Internals

DefaultInit(op)

DefaultInit is like Init but strictly internal to Transducers.jl. It is used for checking if the bottom reducing function is never called.

AdHocRF(next; oninit, start = identity, complete = identity, combine = next)

Define an ad-hoc reducing function rf.

Arguments

• next: binary function

Keyword Arguments

• oninit: nullary function that generates an initial value for next
• start: unary function that pre-process the initial value for next
• complete: unary function that post-process the accumulator
• combine: (approximately) associative binary function for combining multiple results of next (before post-processed by complete).

Examples

julia> using Transducers
       using Transducers: AdHocRF

julia> rf = AdHocRF(push!, combine = append!);

julia> foldxt(rf, Map(identity), 1:4; basesize = 1, init = OnInit(() -> []))
4-element Vector{Any}:
 1
 2
 3
 4

AdHocXF(f, init, [onlast])

Examples

julia> using Transducers
       using Transducers: AdHocXF, @next
       using Setfield: @set!

julia> flushlast(rf, result) = rf(@next(rf, result, result.state));

julia> xf = AdHocXF(nothing, flushlast) do rf, result, input
           m = match(r"^name:(.*)", input)
           if m === nothing
               push!(result.state.lines, input)
               return result
           else
               chunk = result.state
               @set! result.state = (name=strip(m.captures[1]), lines=String[])
               push!(result.state.lines, input)
               if chunk === nothing
                   return result
               else
                   return rf(result, chunk)
               end
           end
       end;

julia> collect(xf, split("""
       name: Map
       type: onetoone
       name: Cat
       type: expansive
       name: Filter
       type: contractive
       name: Cat |> Filter
       type: chaotic
       """, "\n"; keepempty=false))
4-element Vector{NamedTuple{(:name, :lines), Tuple{SubString{String}, Vector{String}}}}:
 (name = "Map", lines = ["name: Map", "type: onetoone"])
 (name = "Cat", lines = ["name: Cat", "type: expansive"])
 (name = "Filter", lines = ["name: Filter", "type: contractive"])
 (name = "Cat |> Filter", lines = ["name: Cat |> Filter", "type: chaotic"])

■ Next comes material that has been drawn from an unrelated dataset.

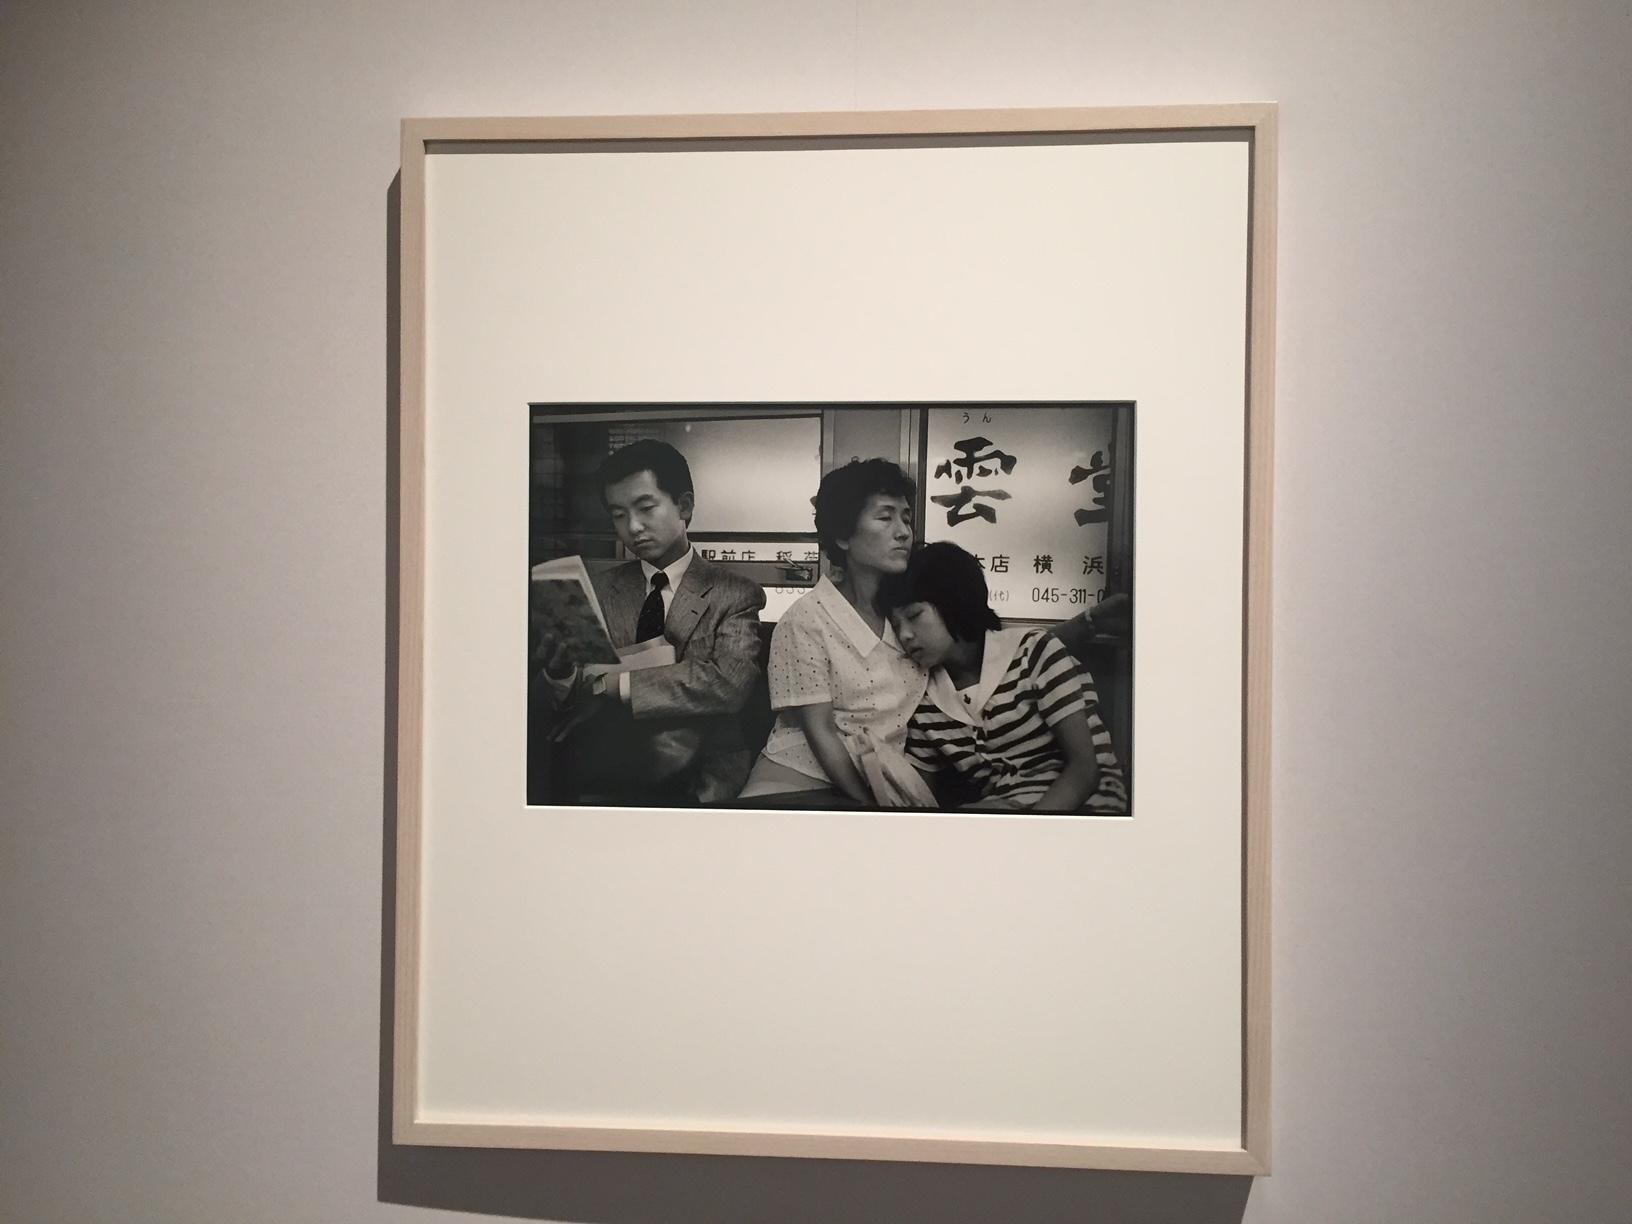 1985年〜2008年に日本で撮影された写真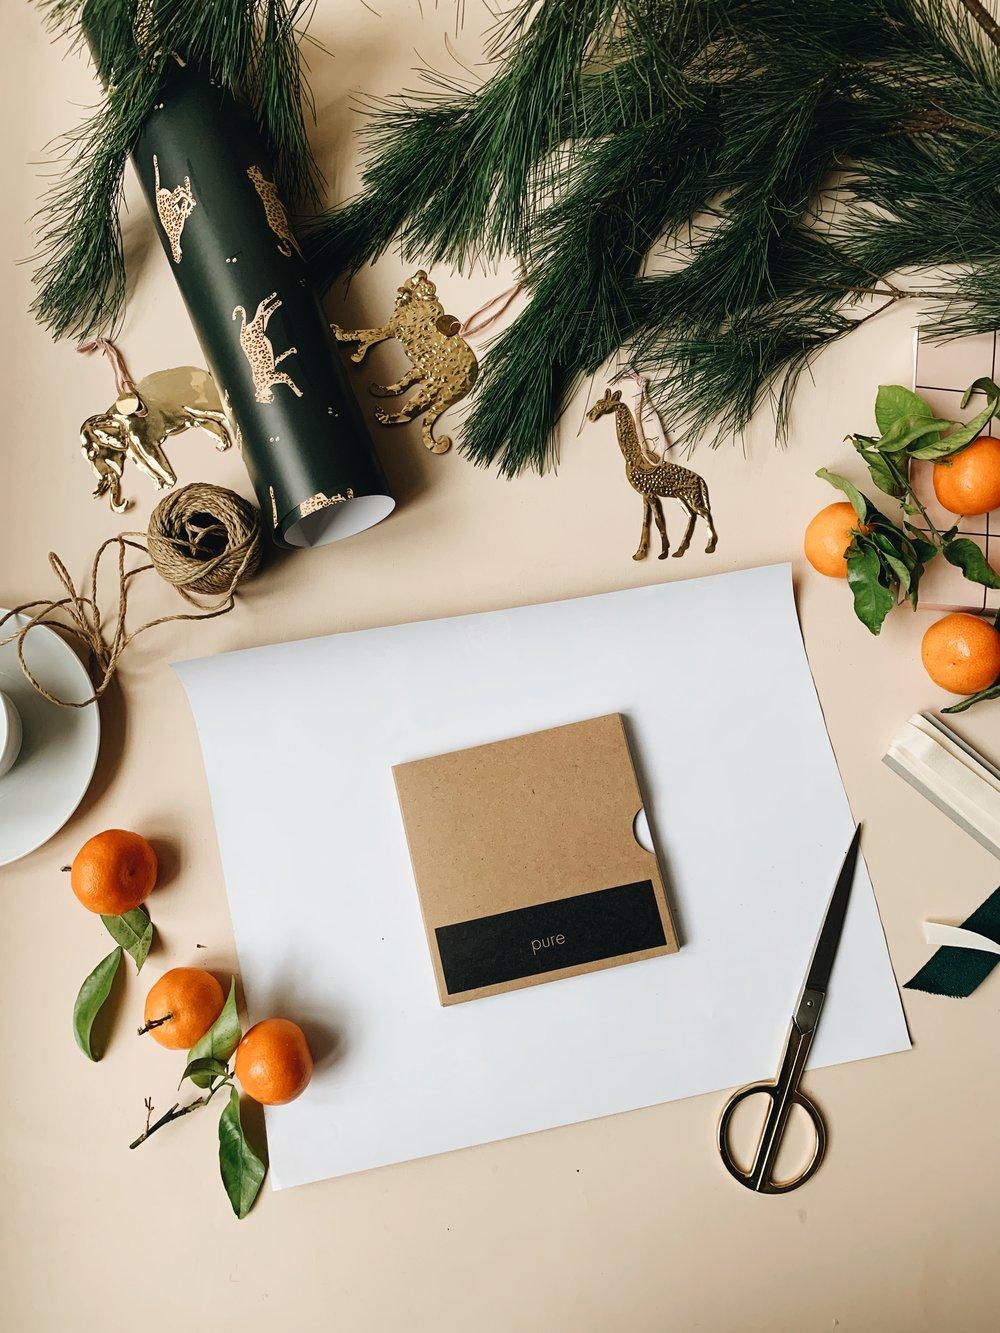 Geschenke mit Tradition: Das Reise-Fotobuch

Transducers.NoAdjoint(itr)

Bypass the optimization step by retransform.

Transducers.ReduceSplitBy(f, rf, init)

Split chunks by elements evaluated to true by f and reduce each chunk by reducing function rf.

The reducing function rf receives either a Bulk(x) if !f(x) or a End(x) if f(x) returns true. Just just after rf is called with End(x), its accumulator is finalized by complete and then passed to the downstream transducer/reducing function.

Examples

julia> using Transducers
       using Transducers: ReduceSplitBy, Bulk, End

julia> 1:5 |> ReduceSplitBy(isodd, Map(getindex)'(string), "") |> collect
3-element Vector{String}:
 "1"
 "23"
 "45"

julia> function just_bulk(x)
           if x isa Bulk
               Some(x[])
           else
               nothing
           end
       end;

julia> 1:5 |> ReduceSplitBy(isodd, KeepSomething(just_bulk)'(string), "") |> collect
3-element Vector{String}:
 ""
 "2"
 "4"

ReducingFunctionTransform(xf)

The "true" transducer.

UseSIMD{ivdep}()

Tell the reducible to run the inner reducing function using @simd. The reducible can support it using @simd_if.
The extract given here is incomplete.